Amera mengajak Mama Ressa untuk segera pergi dari sana, lantaran tidak ada gunanya juga melayani orang seperti Bu Marina.


Sementara Bu Marina dibuat geram oleh ucapan Amera barusan. Dia tidak menyangka kalau Amera bisa setegas itu padanya.


"Awas aja ya kamu, Amera!" Ucapnya seraya mengepalkan kedua tangannya.


***


Di dalam taksi, perjalanan pulang.


Amera jadi kepikiran soal ucapan Bu Marina tadi kepada Mama Ressa.


Bayangan on


"Jangan marah-marah, nanti stress kamu kambuh lagi loh gara-gara gak bisa punya anak lagi setelah anak yang nikah sama si penghianat ini. "


Bayangan off


Kenapa Tante Marina bilang kalau mama Ressa stress gara-gara gak bisa punya anak lagi setelah mas Al, ya? Jelas-jelas anak mama Ressa setelah mas Al itu kan Disa. Mas Al juga. Waktu dia marah-marah sama Disa. Dia terus bilang seolah nama Ressa itu cuma mamanya. Aku rasa ada yang aneh. Pikirnya.


"Kamu baik-baik aja kan?" Tanya Mama Ressa sambil meraih pergelangan tangan Amera, takutnya dia luka.


"Iya, Ma. Aku baik-baik aja, kok."


"Kalau boleh Mama tahu, kamu Ada masalah apa sama Marina?"


Amera diam sejenak. " Emm ... sebenarnya nggak ada masalah apa-apa sih, ma. Cuma tante Marina mungkin nggak bisa terima kalau aku menikah sama Mas Al.
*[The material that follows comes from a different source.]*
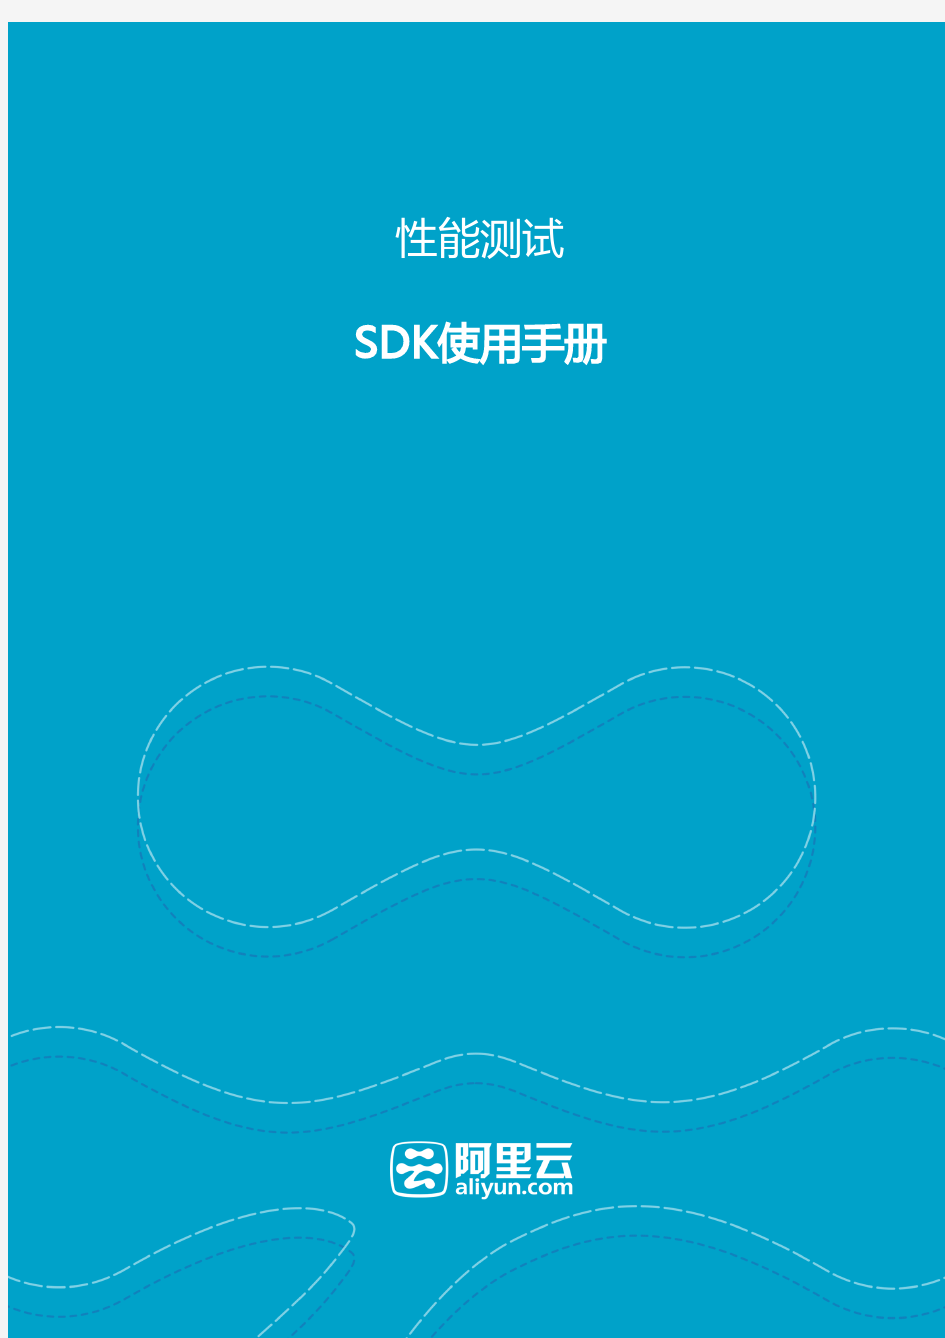 阿里云-性能测试服务SDK手册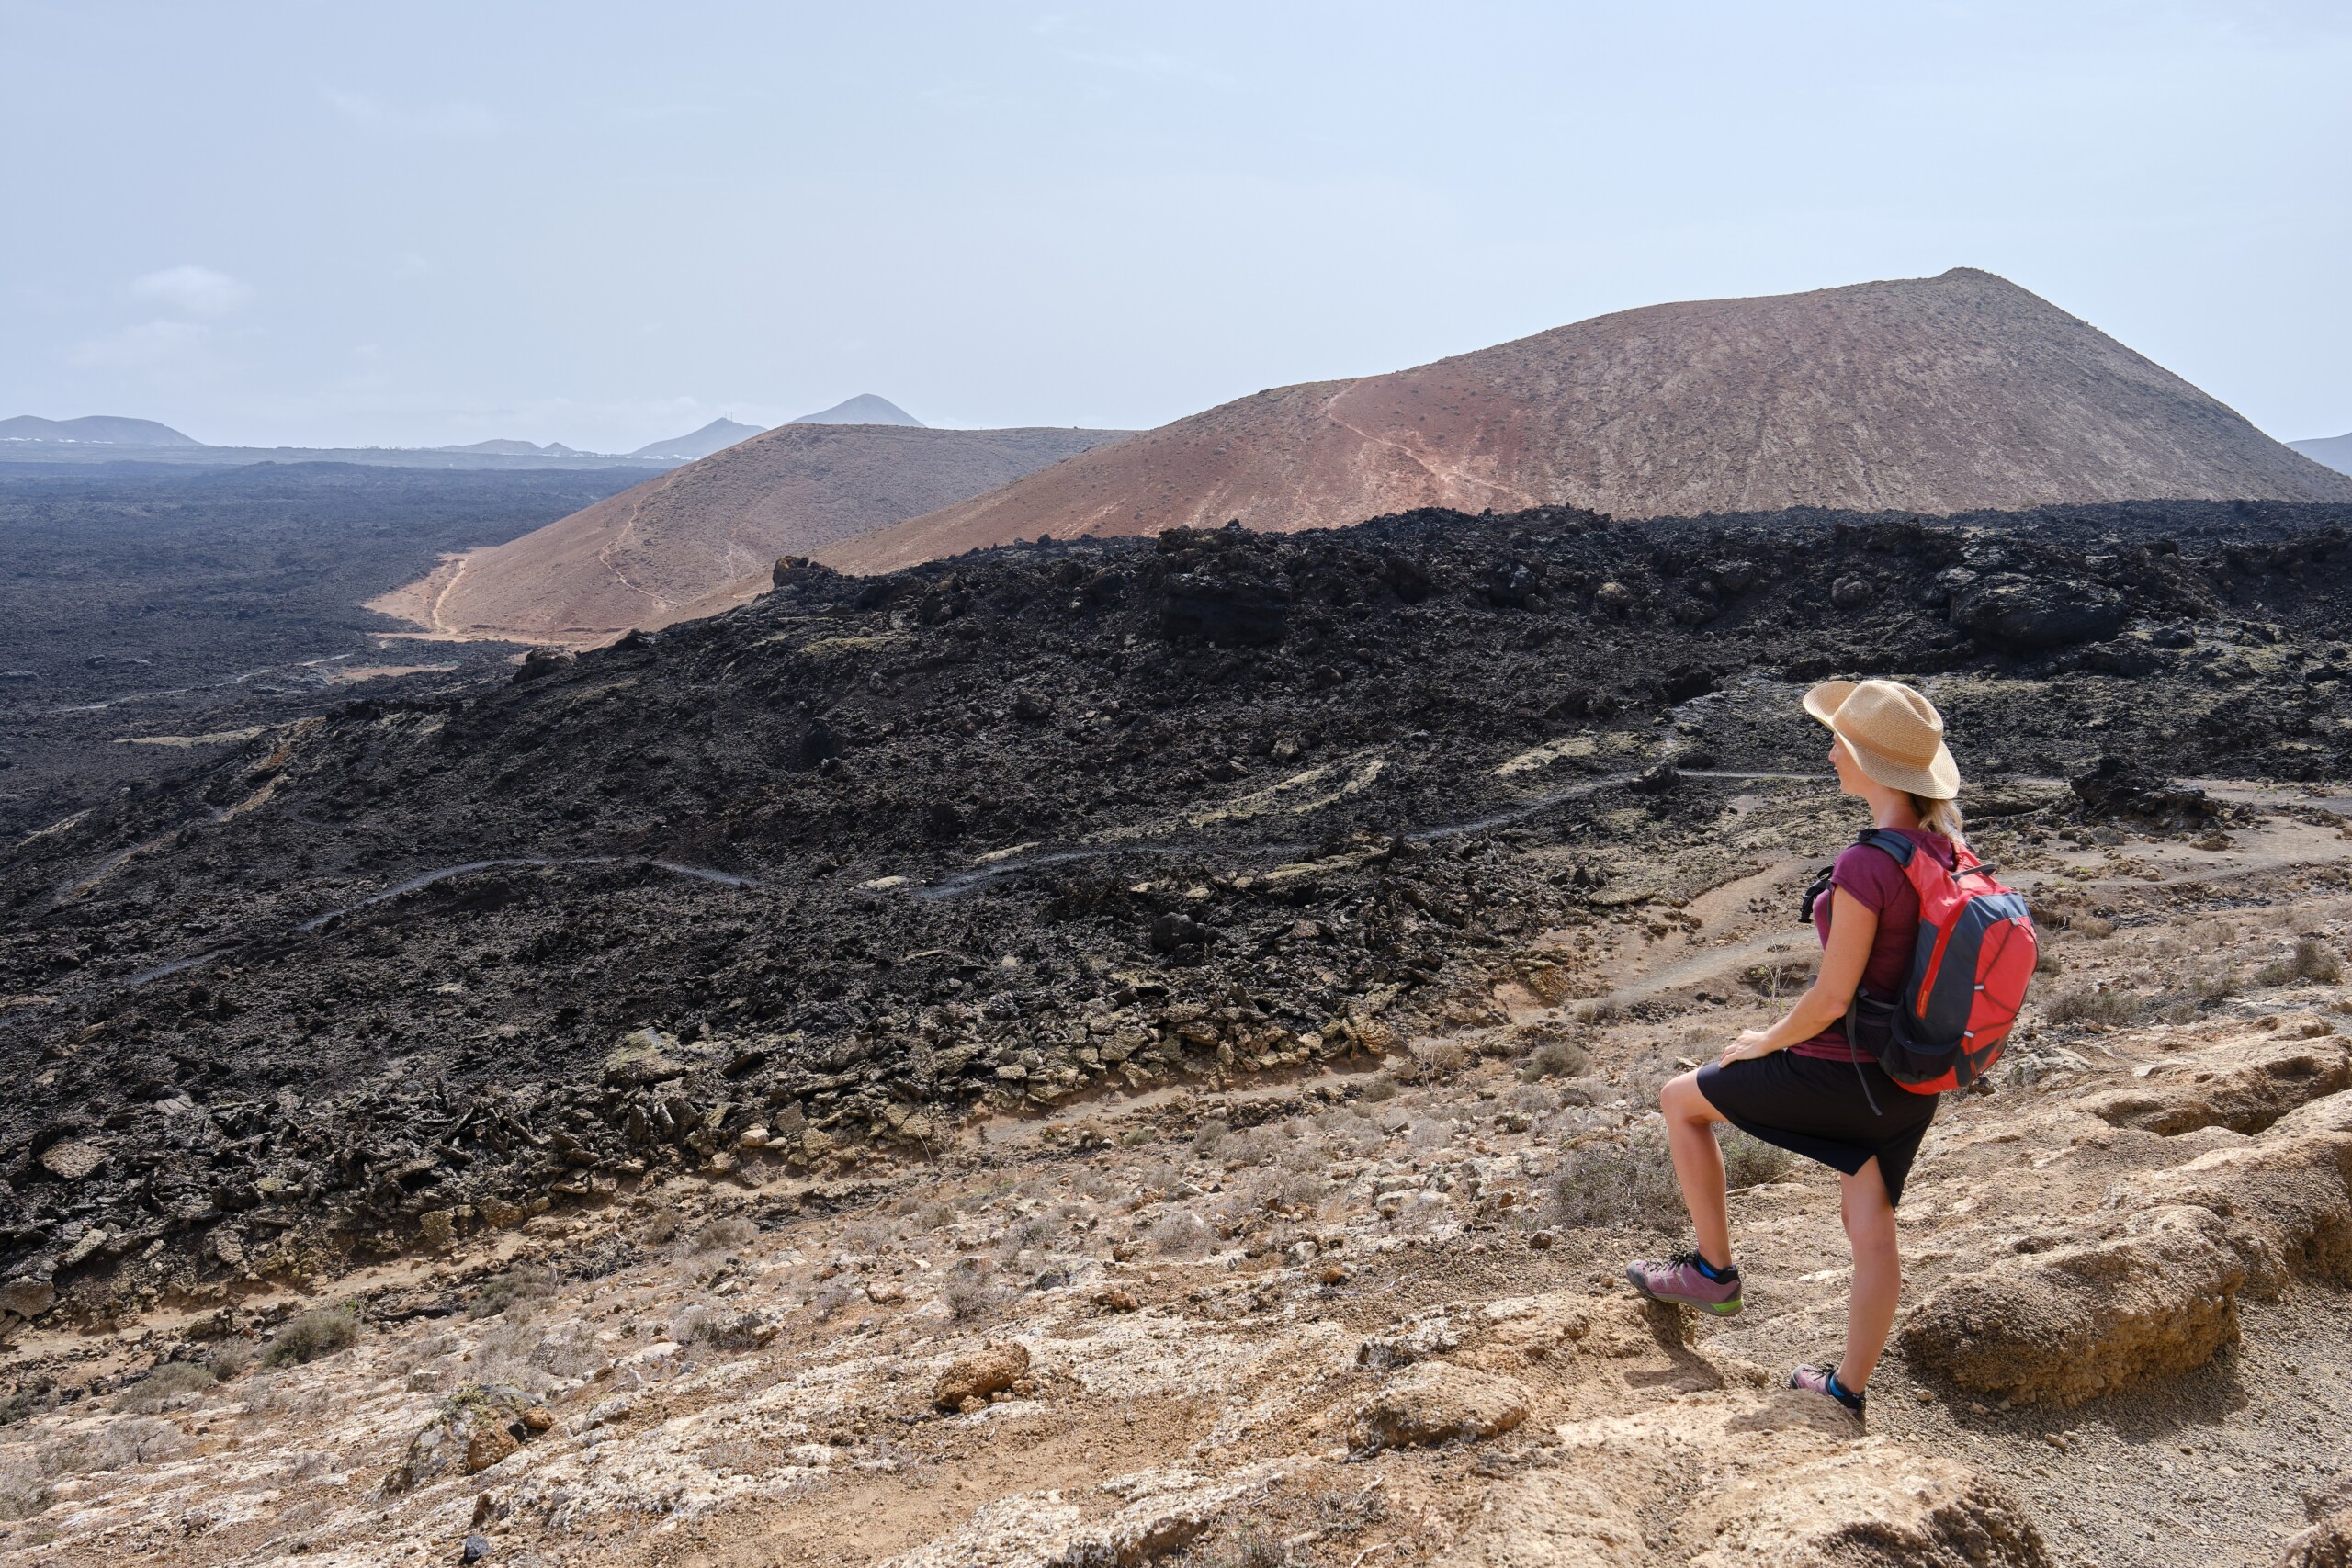 Kobieta uprawia trekking na skalistej wyspie Lanzarote, Wyspy Kanaryjskie, licencja: shutterstock/By Robert-JM

Jadi tante Marina Itu mamanya Revan."


Mama Ressa dibuat terkejut. "Marina mamanya Revan? "


Amera mengangguk membenarkan. "Iya, ma. Mama kenal juga sama tante Marina? Kok dia sampai bilang begitu tadi sama mama?"


"Emmm..." wanita itu diam sejenak. "Iya. Mama kenal sama Marina. Tapi mama baru tahu kalau dia ternyata Mamanya Revan."


"Jadi Mama sama suaminya Marina itu sahabatan. Tapi karena suatu kesalahpahaman, Marina berpikir kalau mama mau ngerebut Indra, suaminya. Padahal mama kenal dan sahabatan sama suaminya, jauh lebih lama sebelum mereka kenal."


Amera mengangguk-anggukkan kepalanya paham.


"Emm.. gitu ya, Ma. Kalau gitu Mama nggak usah mikirin omongannya tante Marina tadi ya."


" Iya, sayang. Thanks, ya. "


"Iya, Ma." Balas Amera seraya tersenyum.


Mereka kini cukup dekat seperti anak dan ibu, terlebih nama Ressa sudah sayang kepada Amera seperti anaknya. Lantaran Ia memang begitu menginginkan anak perempuan.


Mama Ressa menatap sendu Amera.


Kasihan Amera. Dia menjadi korban atas keegoisan Disa. Disa bukan cuma menghancurkan hubungan Amera dengan Revan, dia juga sudah merusak hubungan baik Amera dengan Marina. Aku harap Al bisa membahagiakan Amera, bahkan lebih.